The Green Hills (and Oceans) of Earth

NASA Earth Observatory/Jesse Allen; Data: Ocean Color Web team

Friday, April 8, 2011: The Sea-viewing Wide Field-of-view-Sensor (SeaWiFS) measured how much chlorophyll — the pigment that helps turn sunlight into organic energy for plants — existed in the seas and on land from 1998 to 2010. The more saturated blues and greens show a higher concentration of chlorophyll.
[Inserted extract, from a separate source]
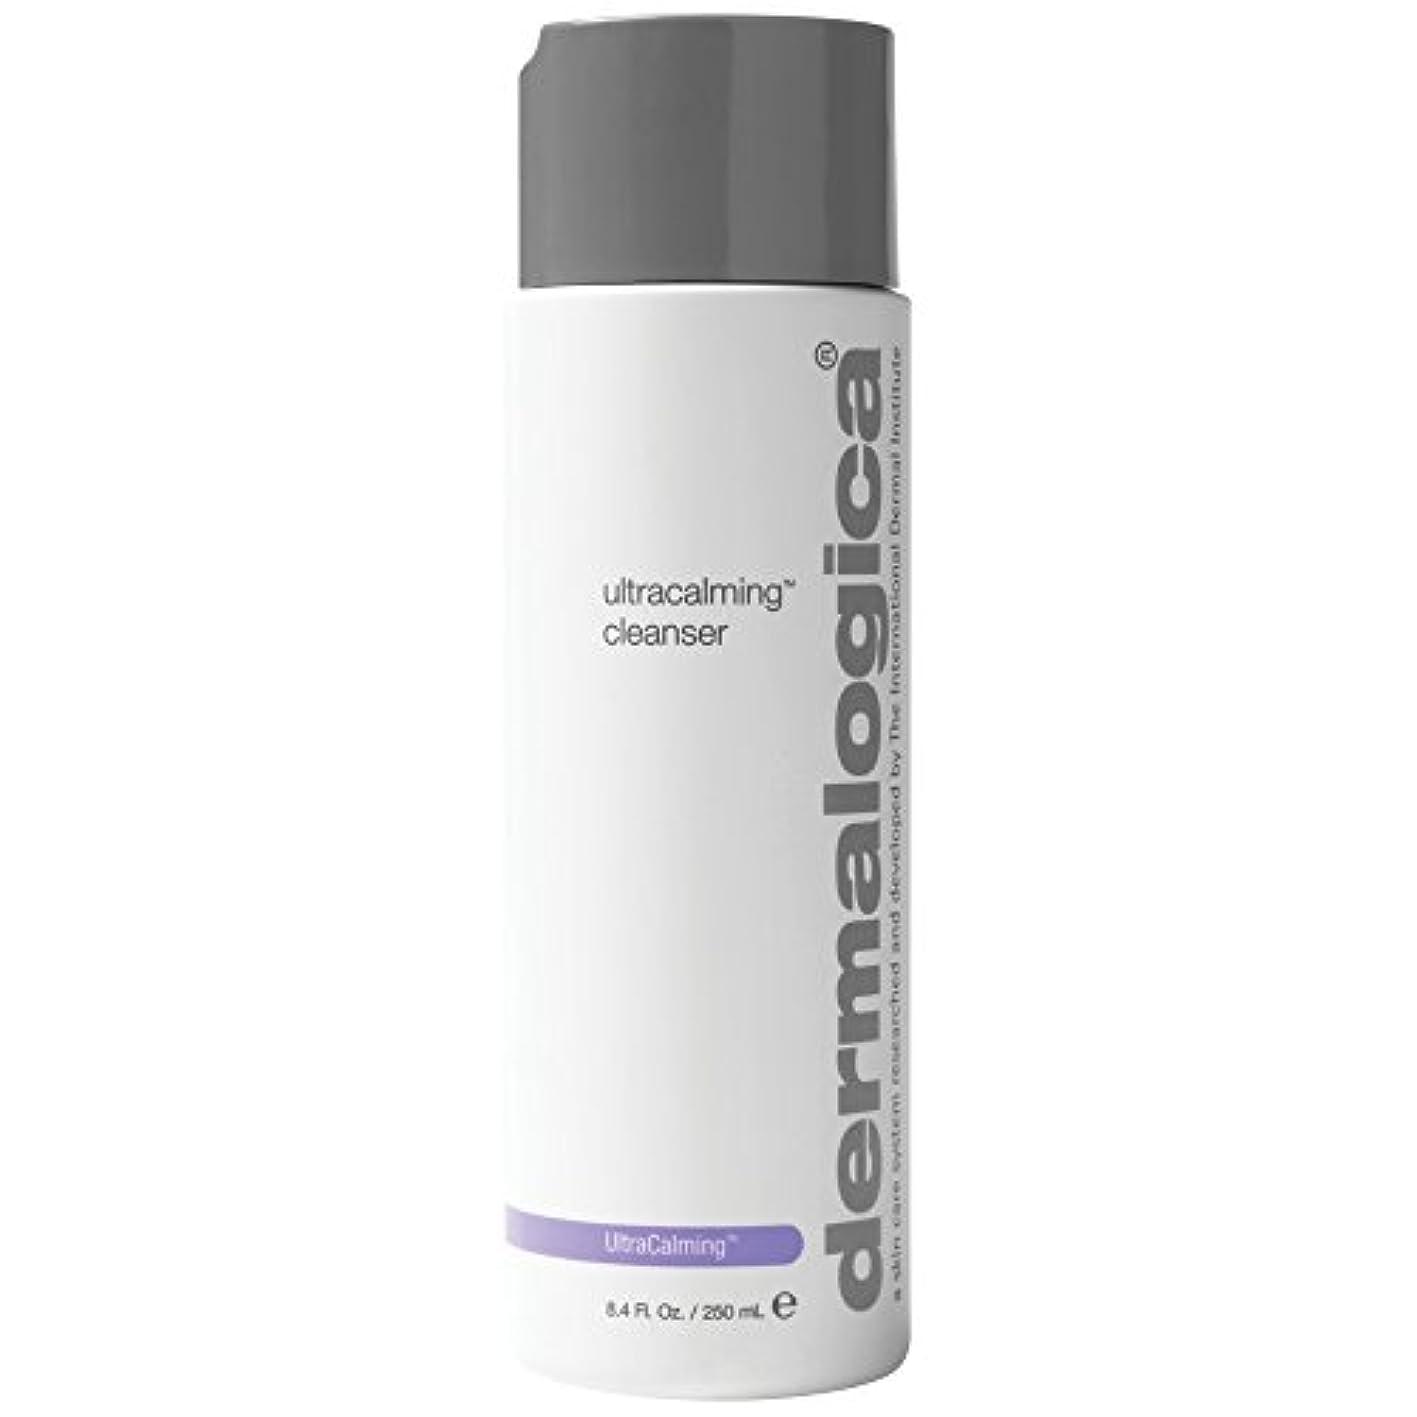 団結部分ギャンブルダーマロジカUltracalming?クレンザーの250ミリリットル (Dermalogica) (x2) - Dermalogica UltraCalming? Cleanser 250ml (Pack of 2) [...
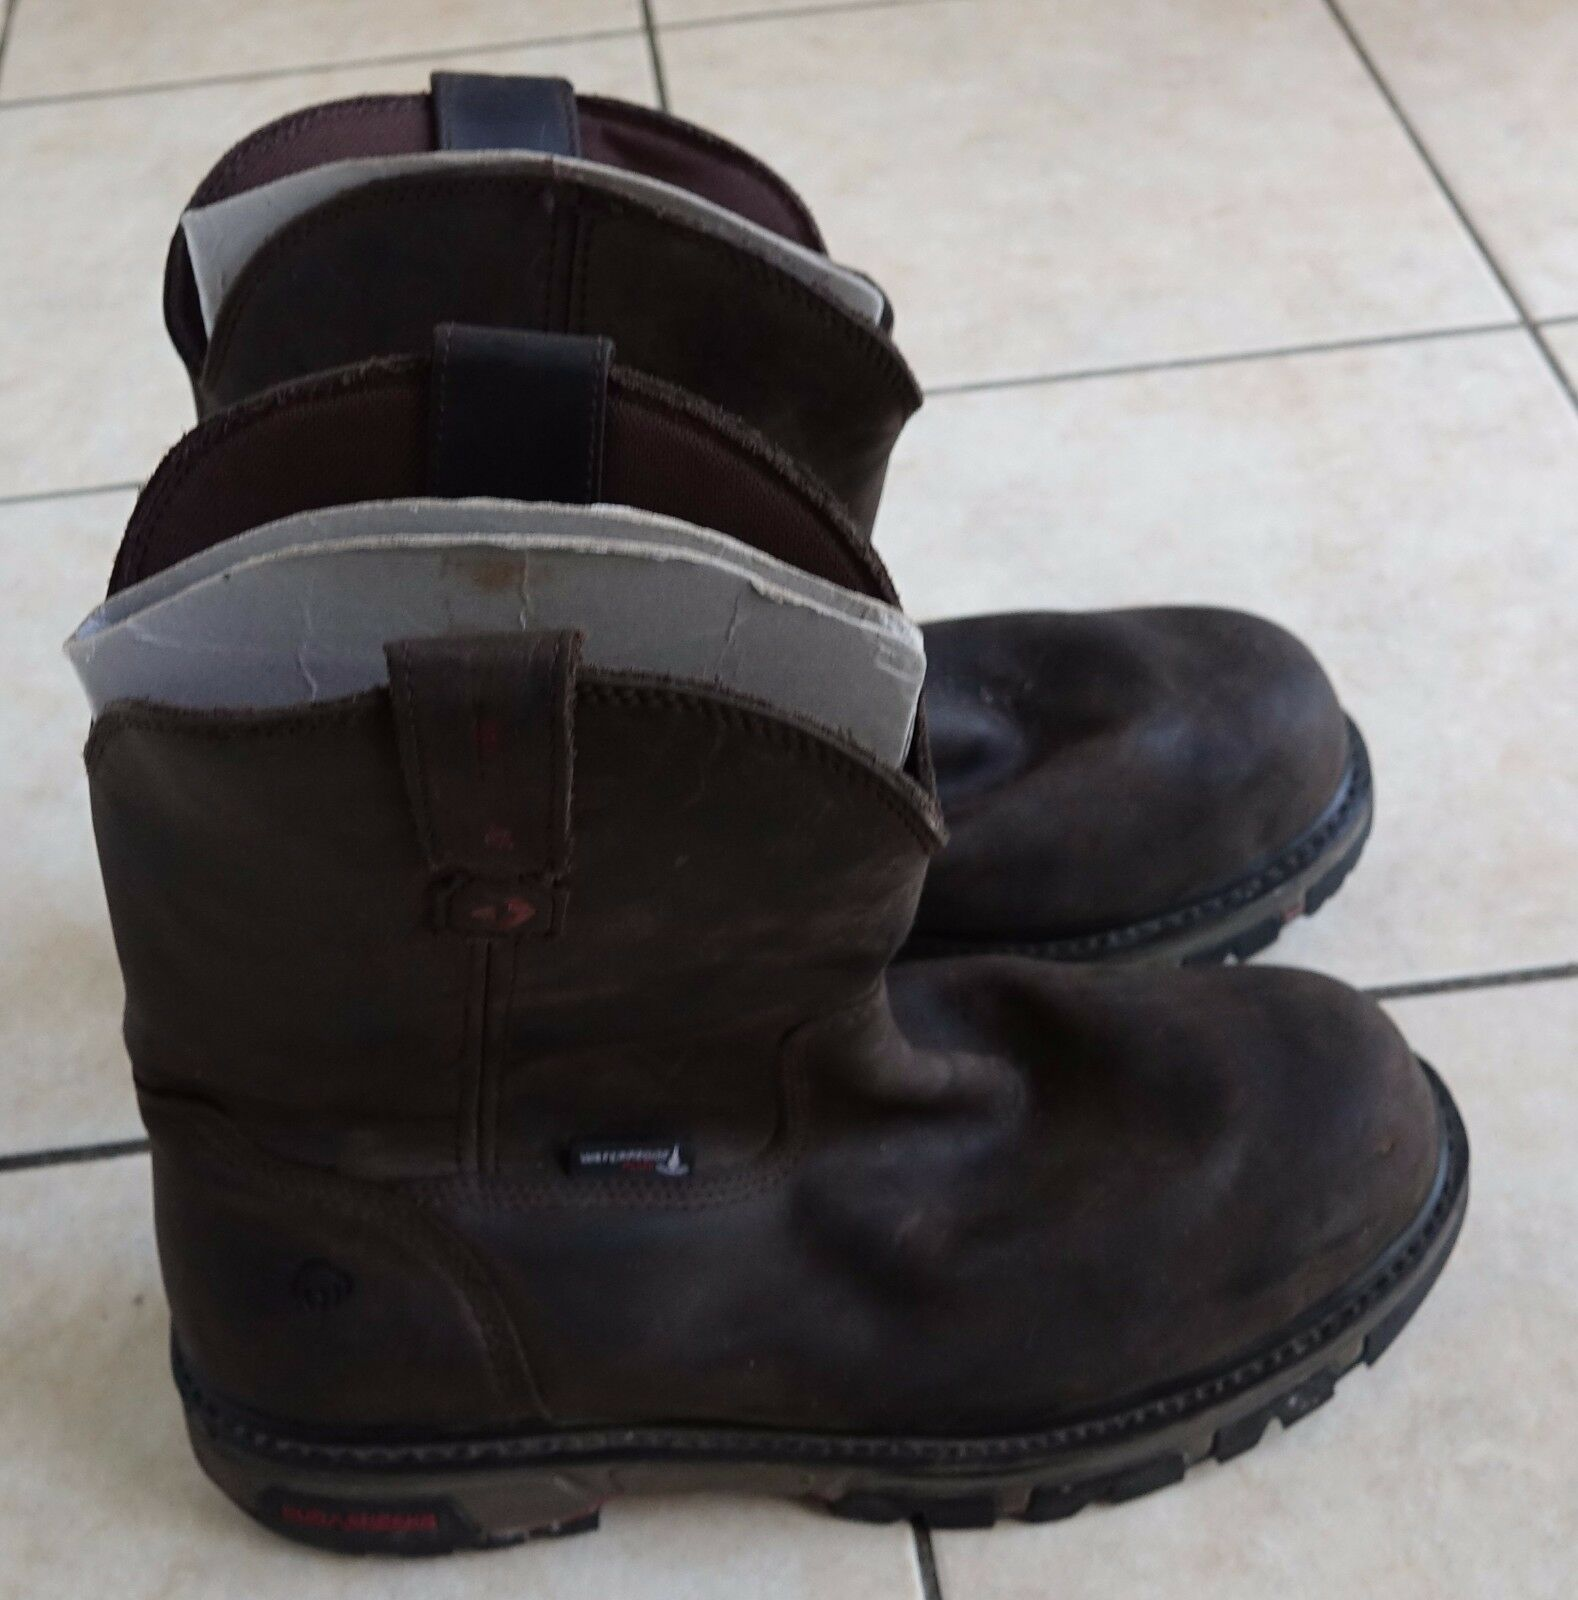 Wolverine Men's Nation DuraShocks Work brown leather Boots, 13 M

Unusually, private companies operated the satellite which carried SeaWiFS, and NASA purchased the data from them.

—Tom Chao

Parallel Lines

NASA

Monday, April 11, 2011: Space shuttle orbiter Columbia landed at Edwards Air Force Base in southern California at the end of the first space shuttle mission, STS-1, on April 14, 1981. Astronauts John W. Young and Robert L. Crippen flew aboard Columbia.

—Tom Chao

Up the Stairs to the Landing, Up the Stairs Into the Vostok

RSC Energia

Tuesday, April 12, 2011: Soviet cosmonaut Yuri Gagarin waves to the crowd as he prepares to board the Vostok 1 spacecraft at Baikonur Cosmodrome in Kazakhstan, on April 12, 1961, to make history's first human spaceflight, 50 years ago today.

—Tom Chao

Looking Out My Window Pane

Nate Bolt

Wednesday, April 13, 2011: The northern lights illuminate the sky in this image captured by photographer Nate Bolt during a flight from San Francisco to Paris. Bolt set up his camera in an empty seat facing a window and snapped more than 2,400 shots during the 11-hour flight. A time-lapse video of the flight can be seen at beepshow.com.

—Tom Chao

Down at the Arcade

ESA/Hubble & NASA

Thursday, April 14, 2011: The young open star cluster IC 1590 in the star formation region NGC 281 bears the nickname "Pacman Nebula," due to its resemblance to the well-known arcade game character. However, this close-up image taken by the Hubble Space Telescope zooms in on the center, and does not show the iconic outline of Pac-Man. Unlike in the arcade game, this nebula's gas and dust are forming new stars, not gobbling them up.

—Tom Chao

Rho, Rho, Rho Your Ophiuchi

NASA, JPL-Caltech, WISE Team

Friday, April 15, 2011: WISE, the Wide-field Infrared Survey Explorer, took this picture of one of the closest star forming regions, a part of the Rho Ophiuchi cloud complex. It lies some 400 light-years from Earth. Dust clouds and embedded newborn stars glow at infrared wavelengths in the false-color composition.